Task
Nothing but the lines from the one holding "Historias de Instagram - 04 - Abril 1" to the final line of the listing below, both included, should be repeated, and each must match exactly. Omit pictures.
BEGIN Given information
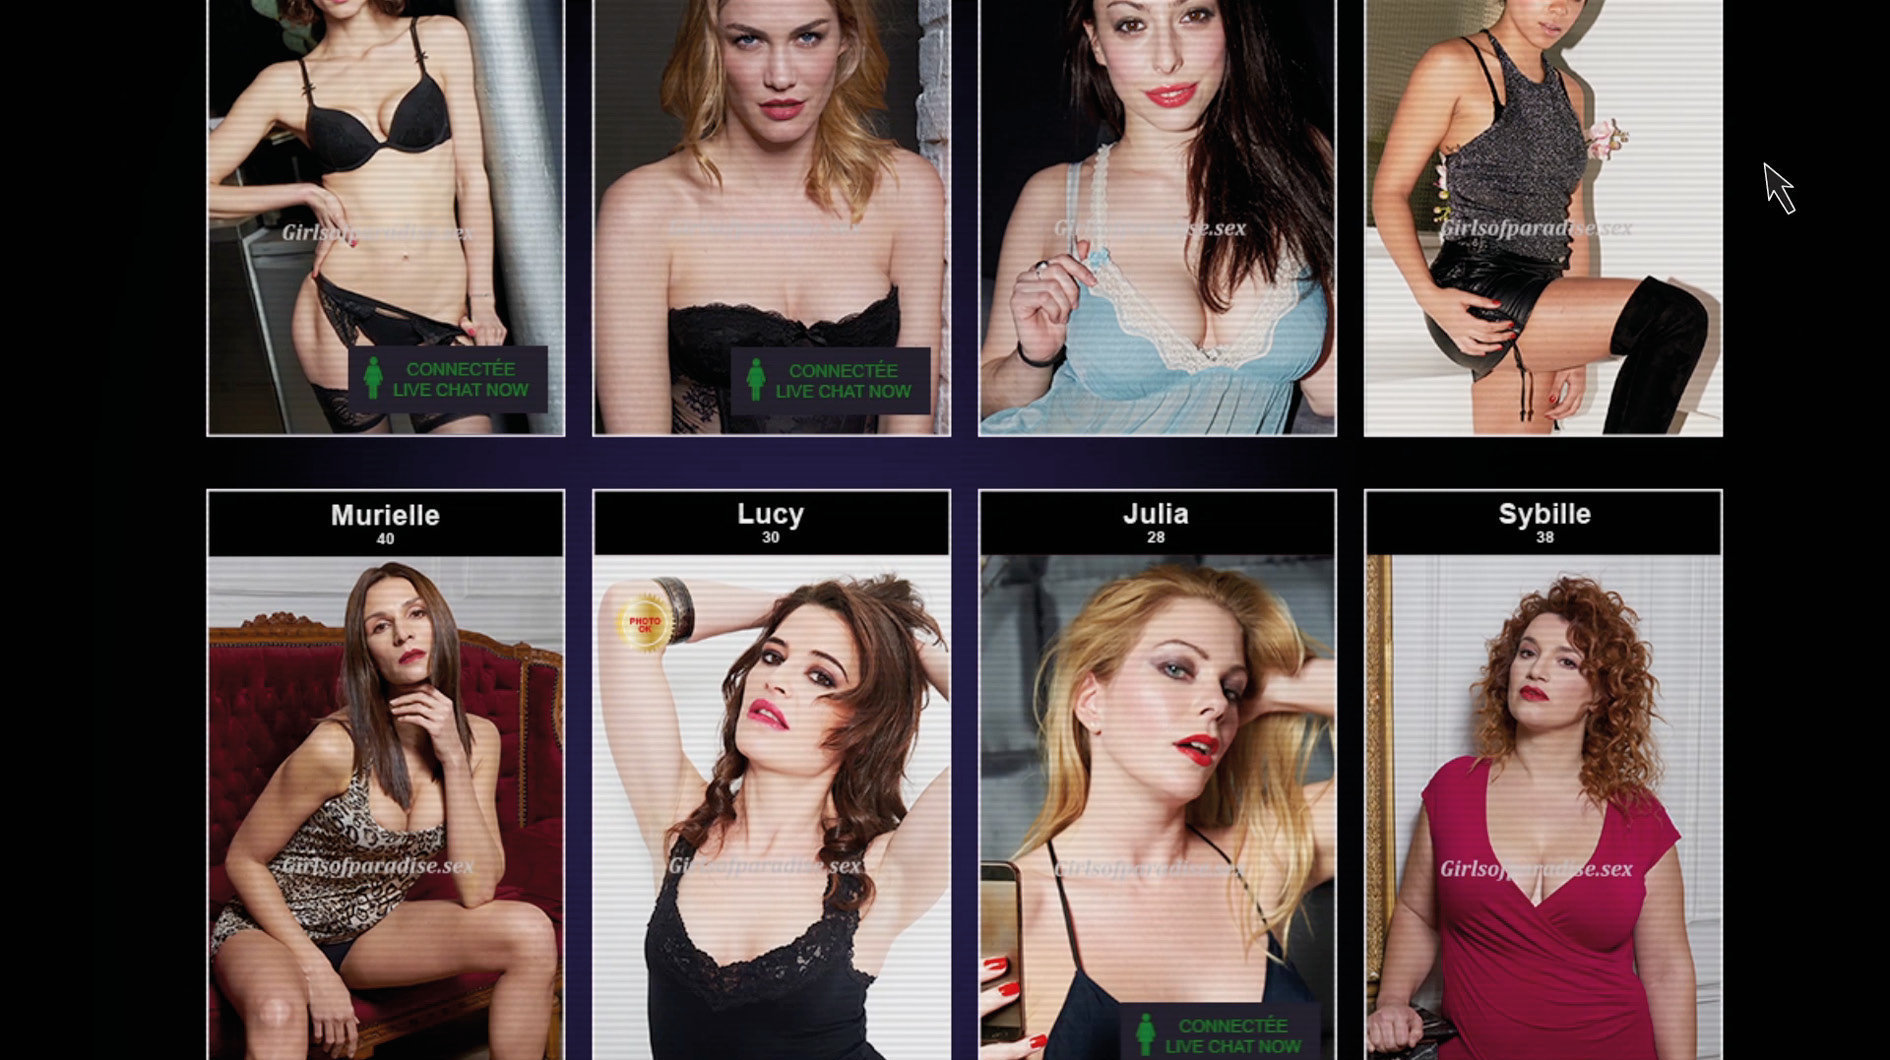 paginas para contratar prostitutas prostitutas en the witcher
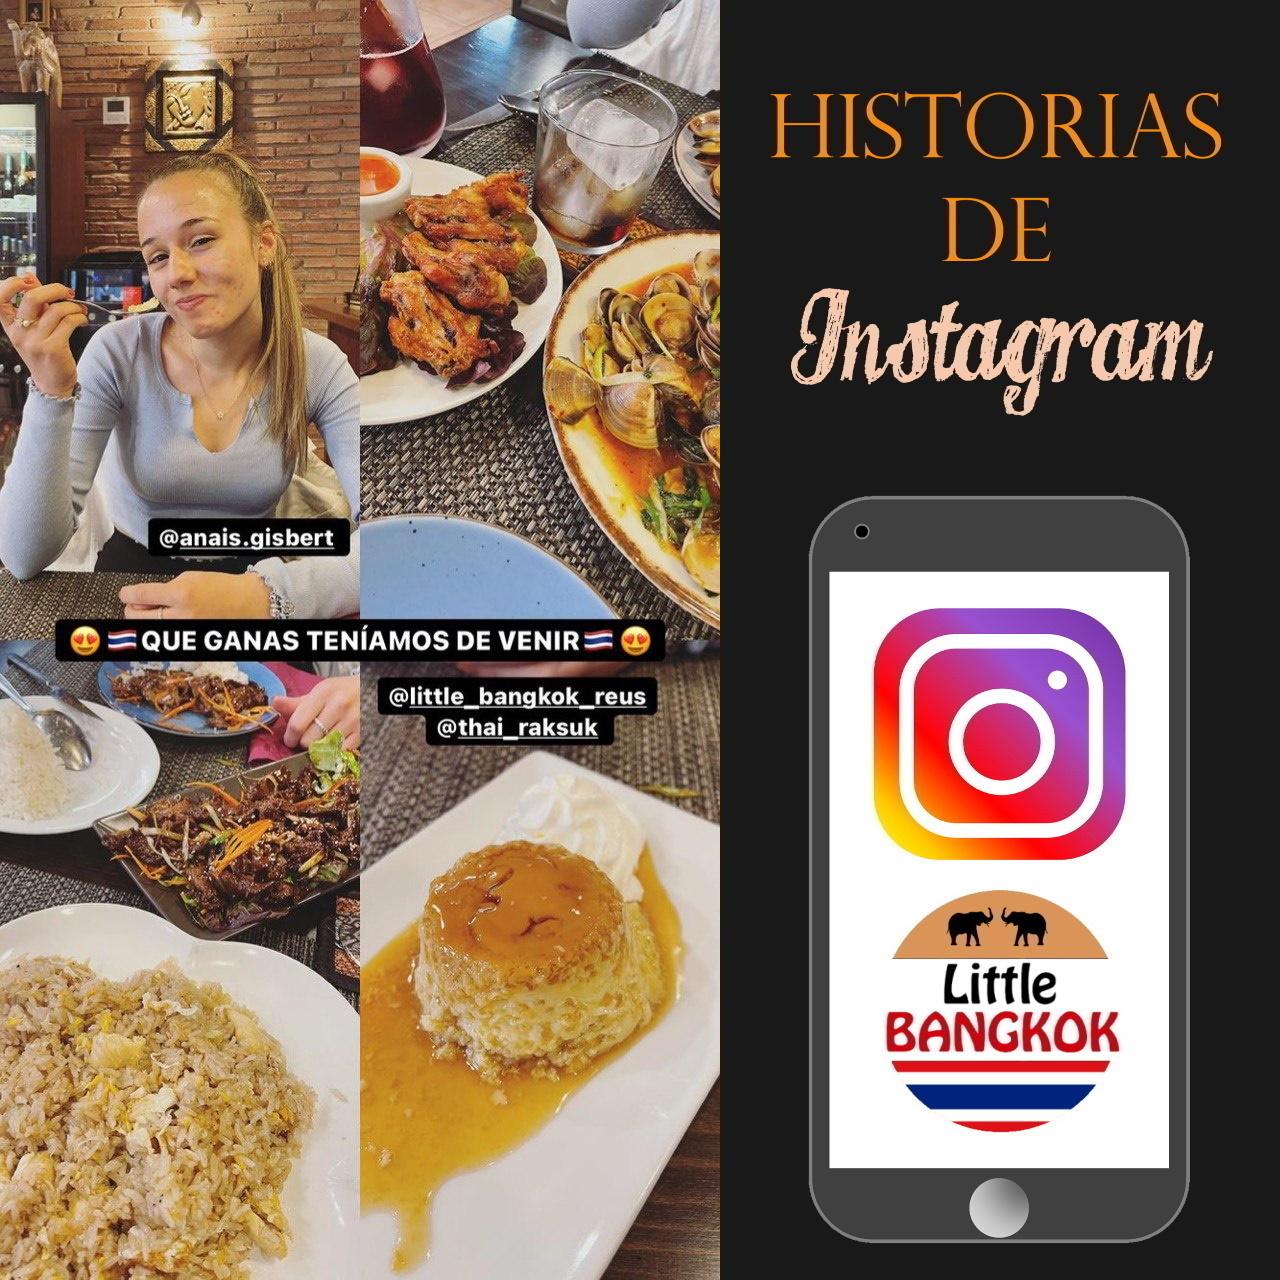 Historias de Instagram - 04 - Abril 1
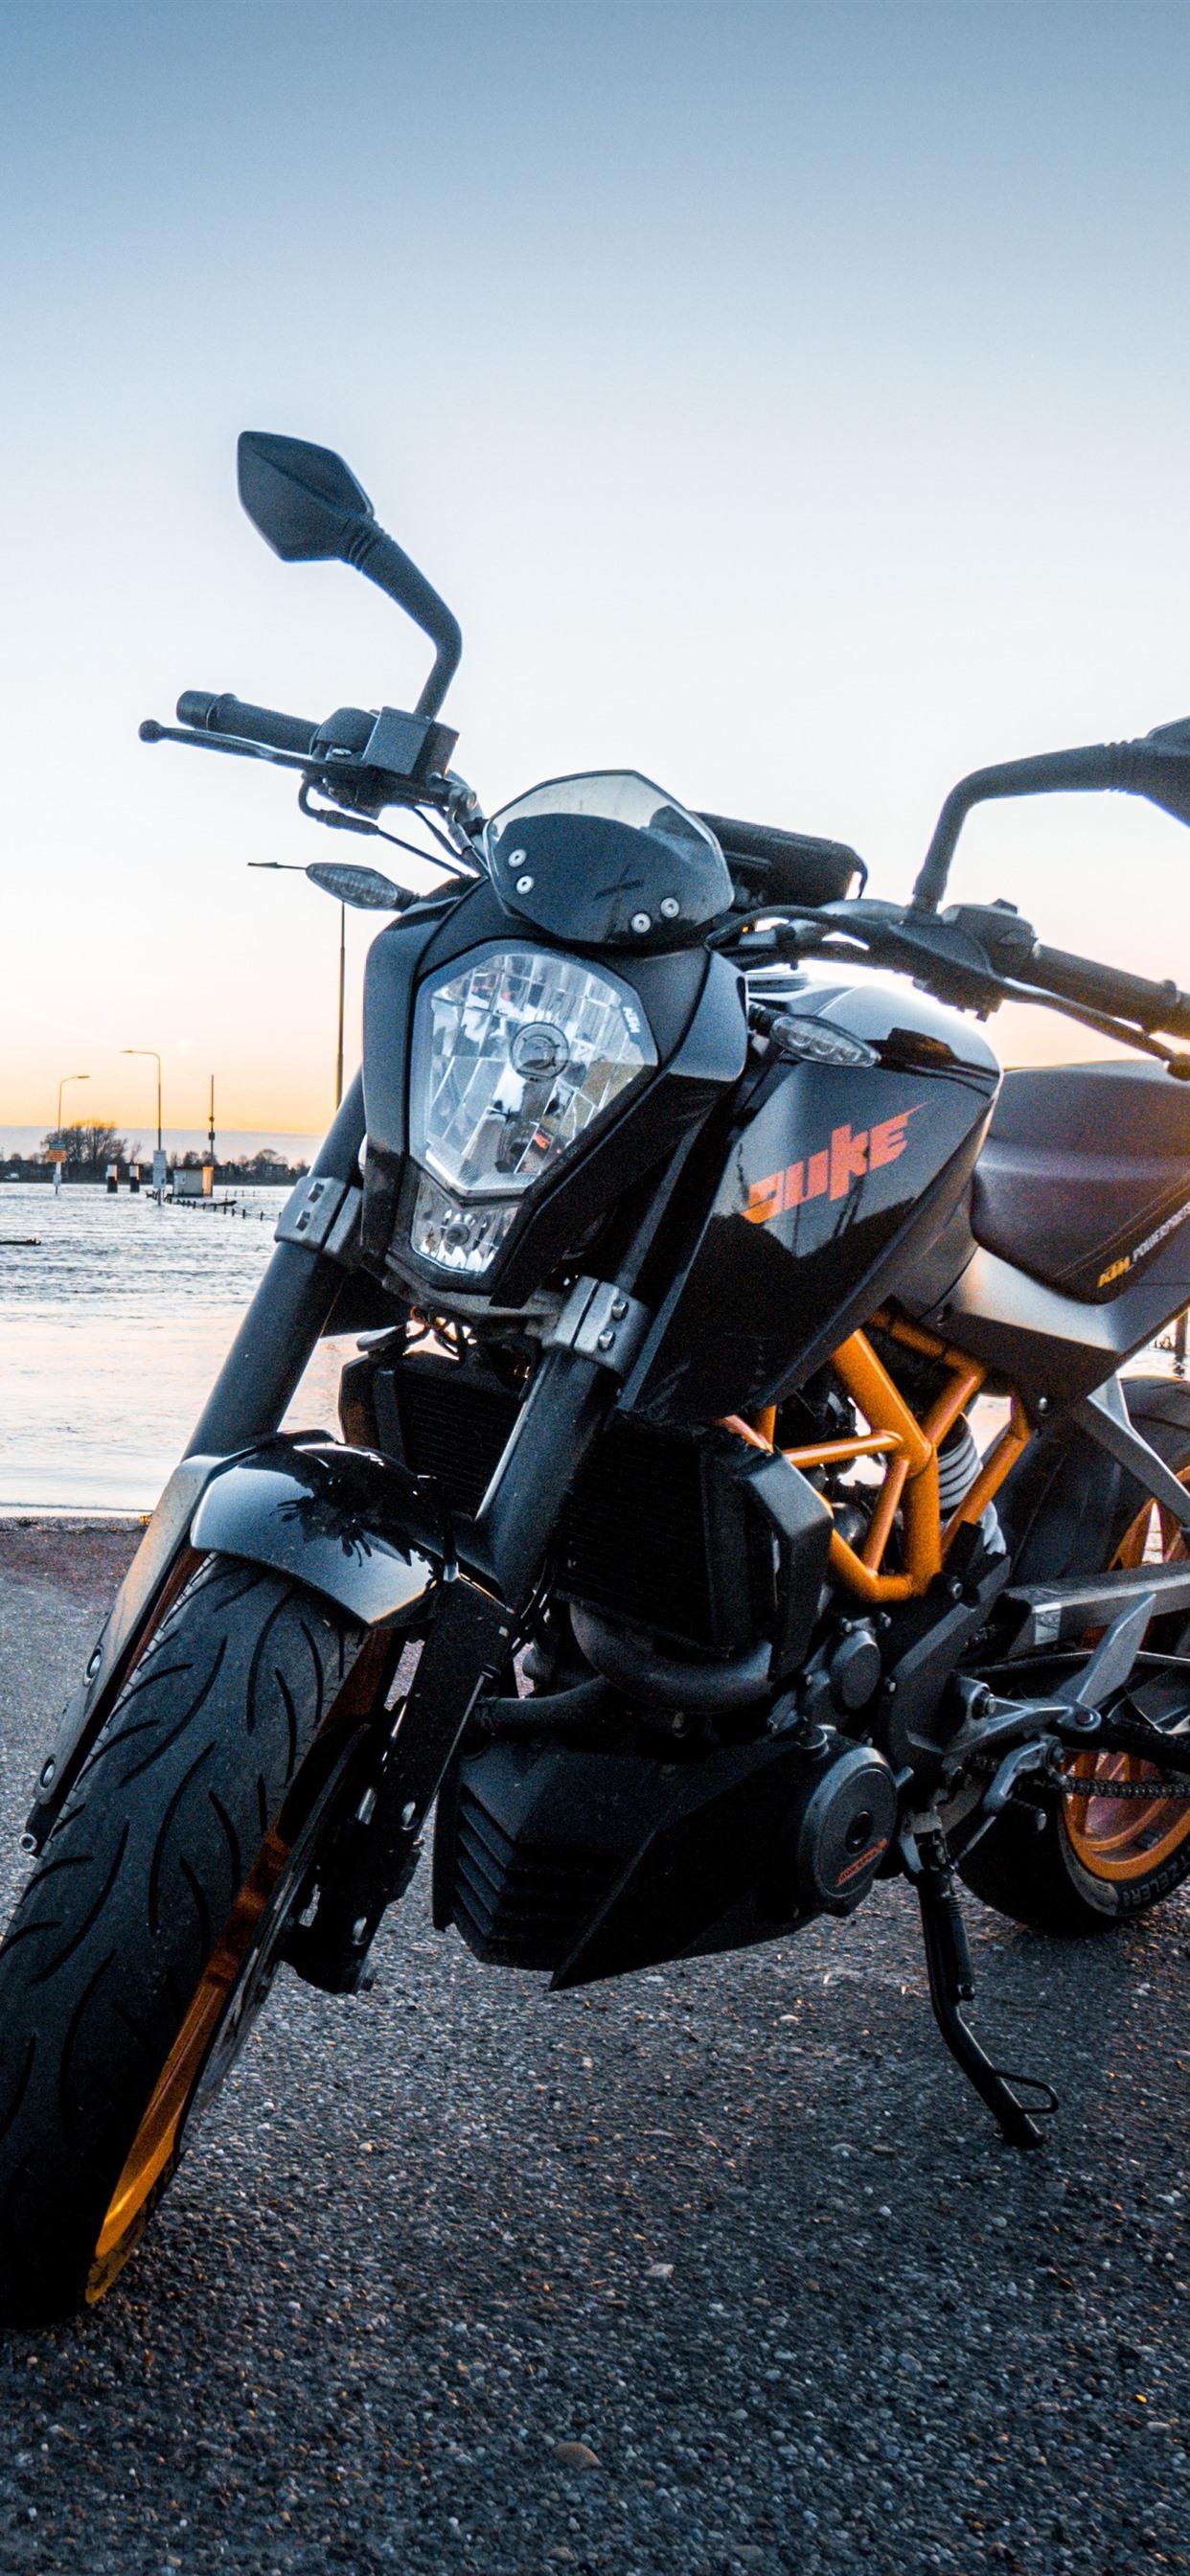 Wallpaper Ktm Motorcycle Front View River 5120x2880 Uhd 5k
END Given information
Exercise response
 Historias de Instagram - 04 - Abril 1
 Wallpaper Ktm Motorcycle Front View River 5120x2880 Uhd 5k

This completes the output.